EXERCISE DETAILS → Leaving out the pictures, return word for word the stretch of entries below from the line holding "Throat lozenges - Stock Image" through the line holding "stretch bleu marine".

INFORMATION SHOWN →
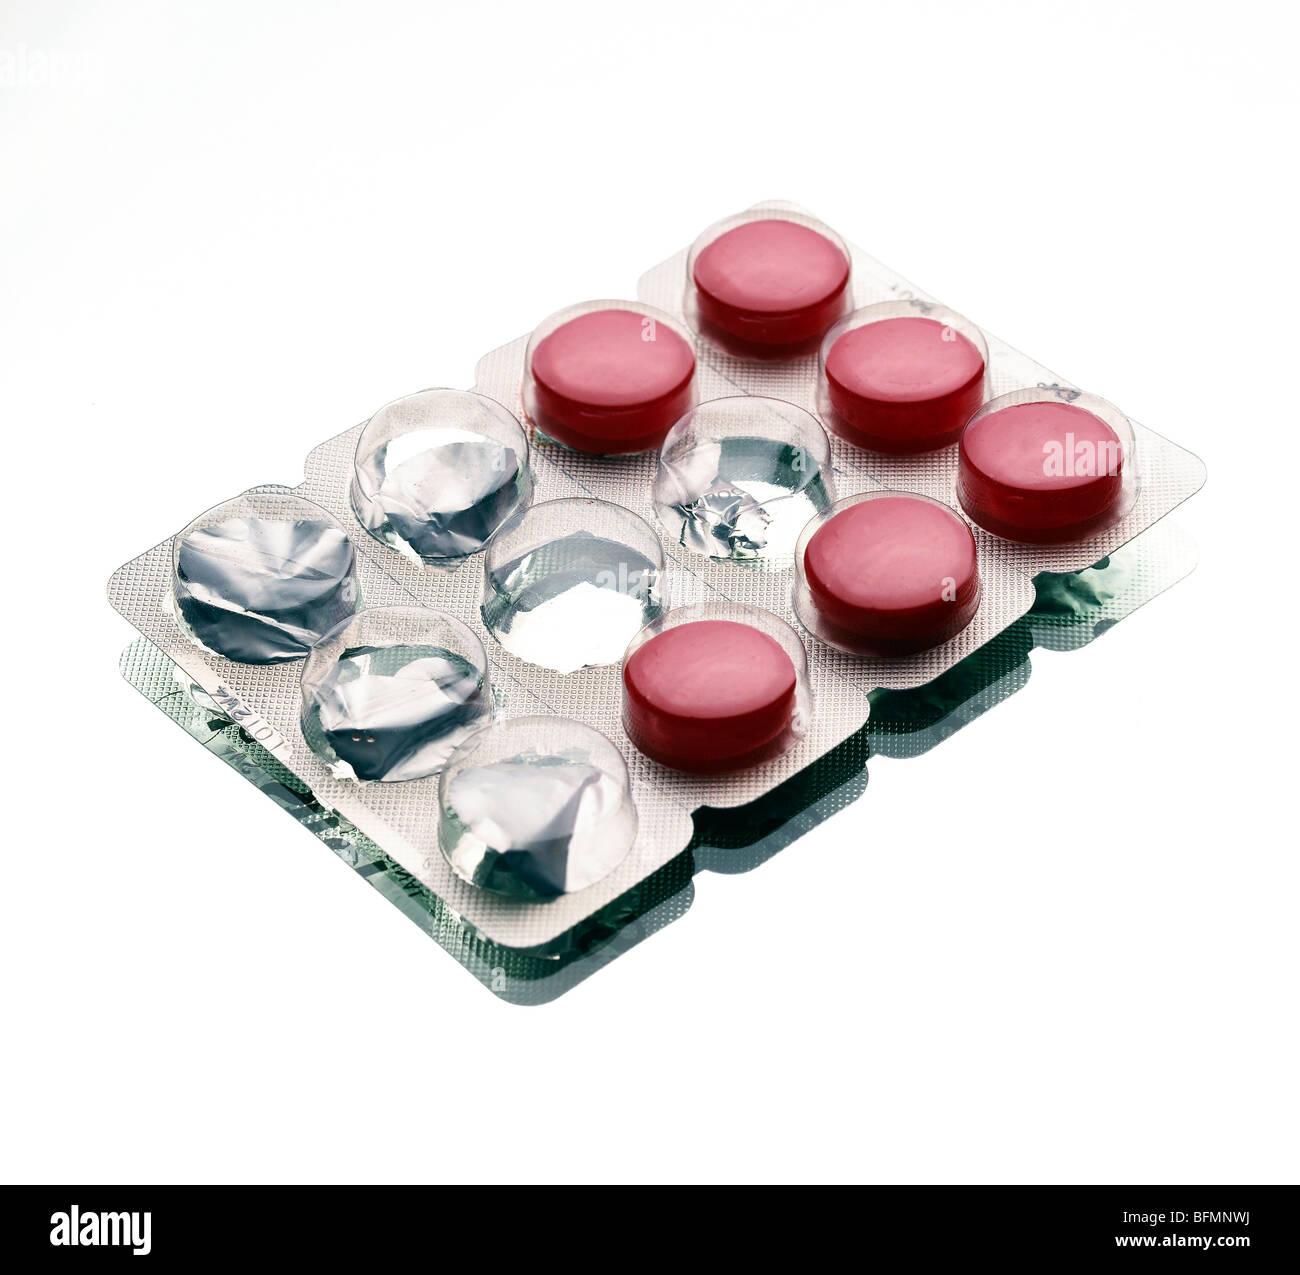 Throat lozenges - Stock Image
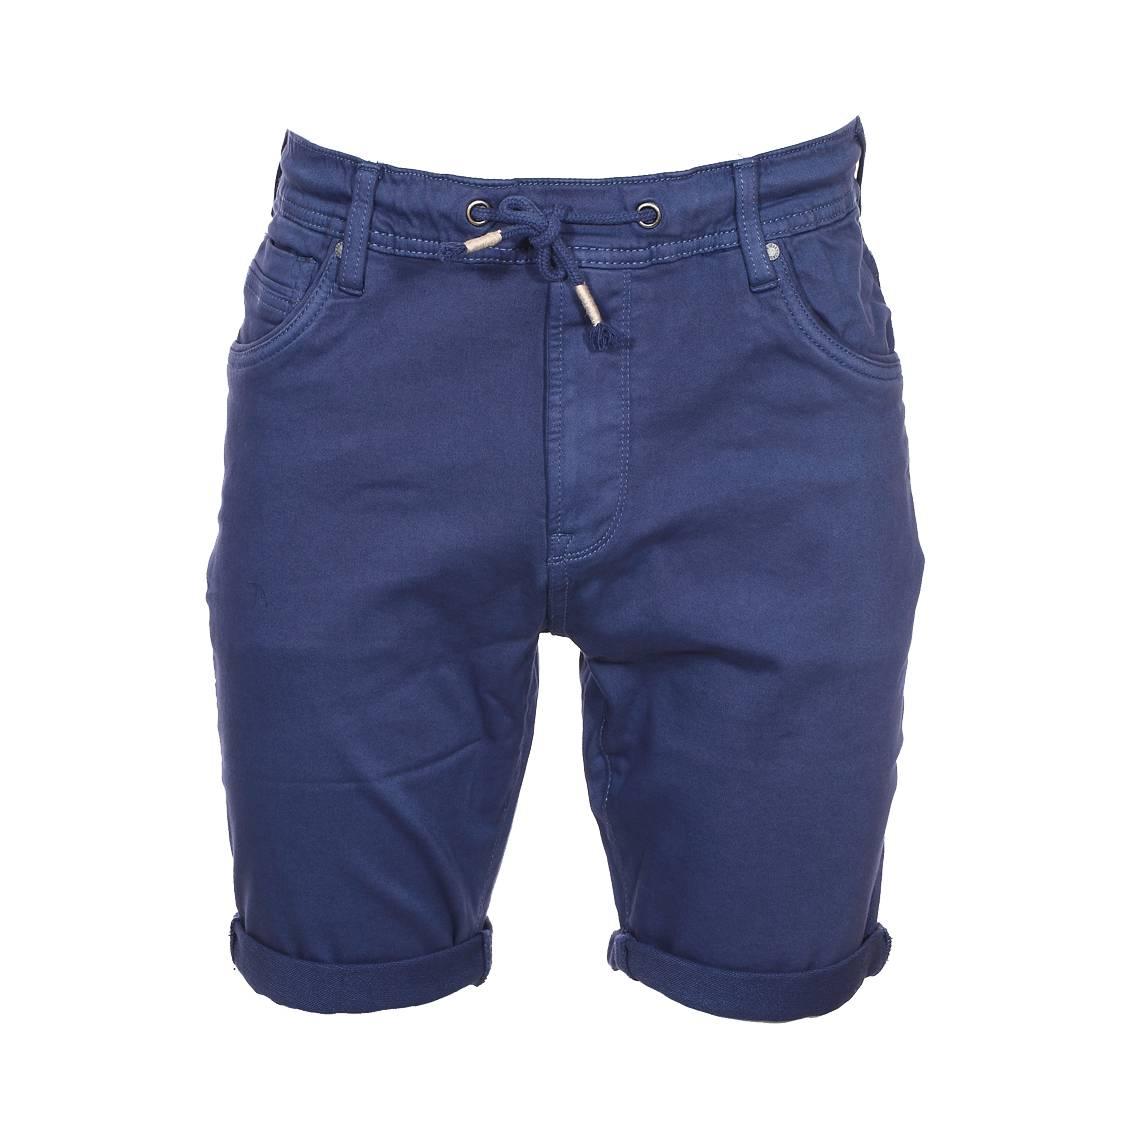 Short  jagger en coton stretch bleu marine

---

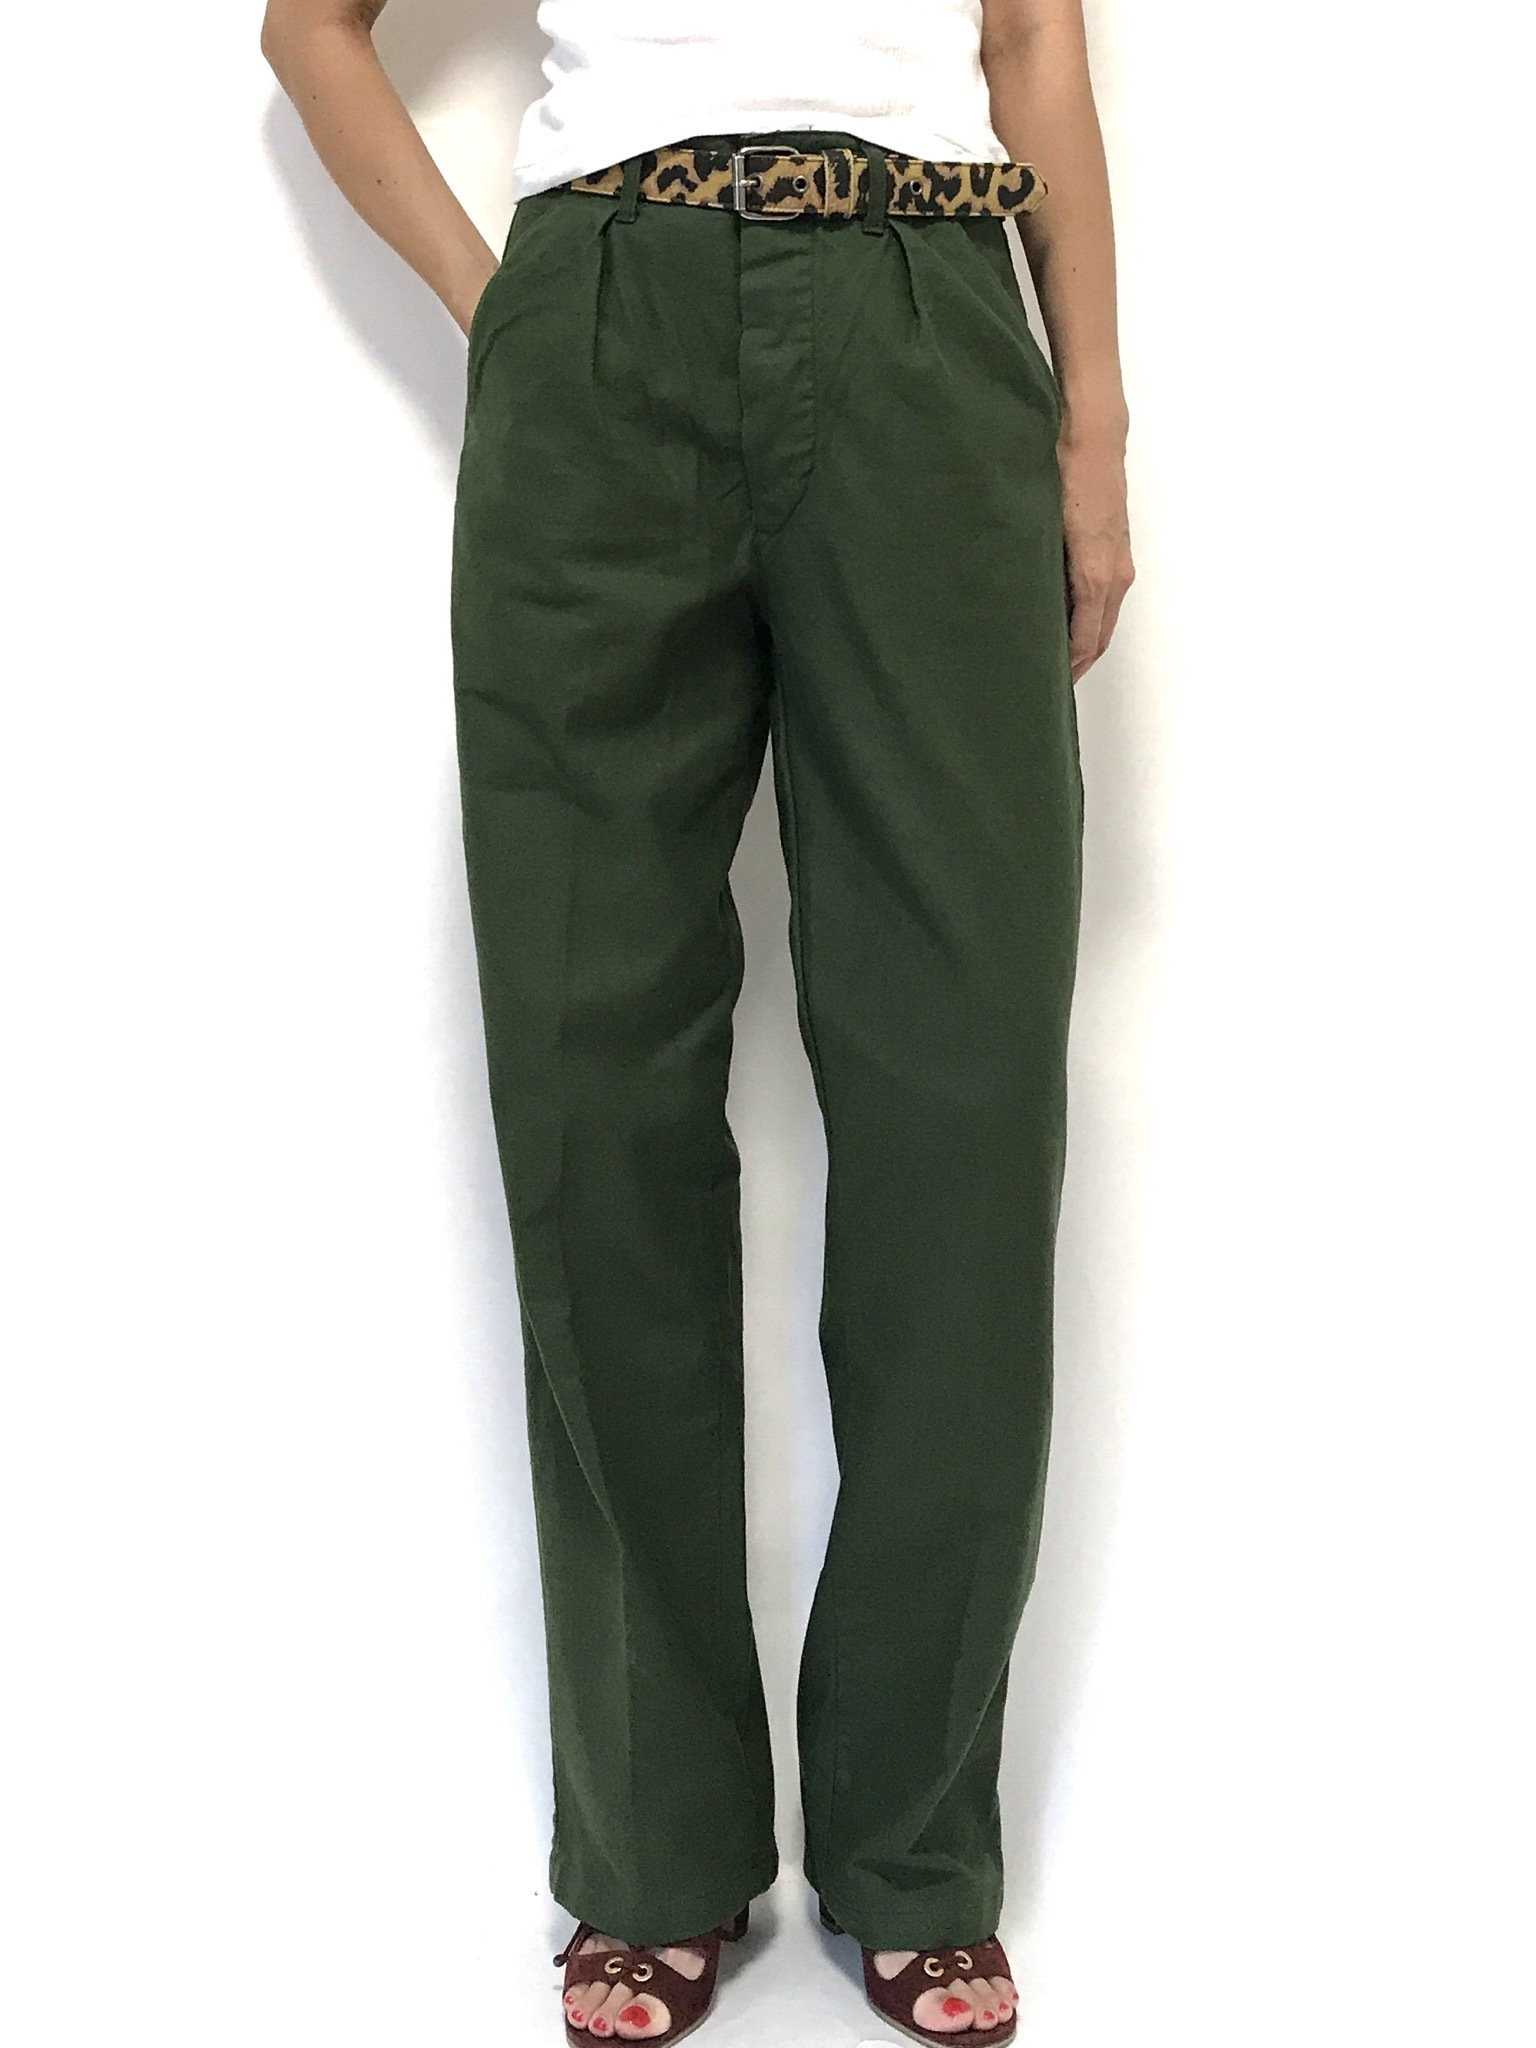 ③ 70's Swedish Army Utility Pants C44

RESPONSE TO THIS TASK →
 Throat lozenges - Stock Image
 Short  jagger en coton stretch bleu marine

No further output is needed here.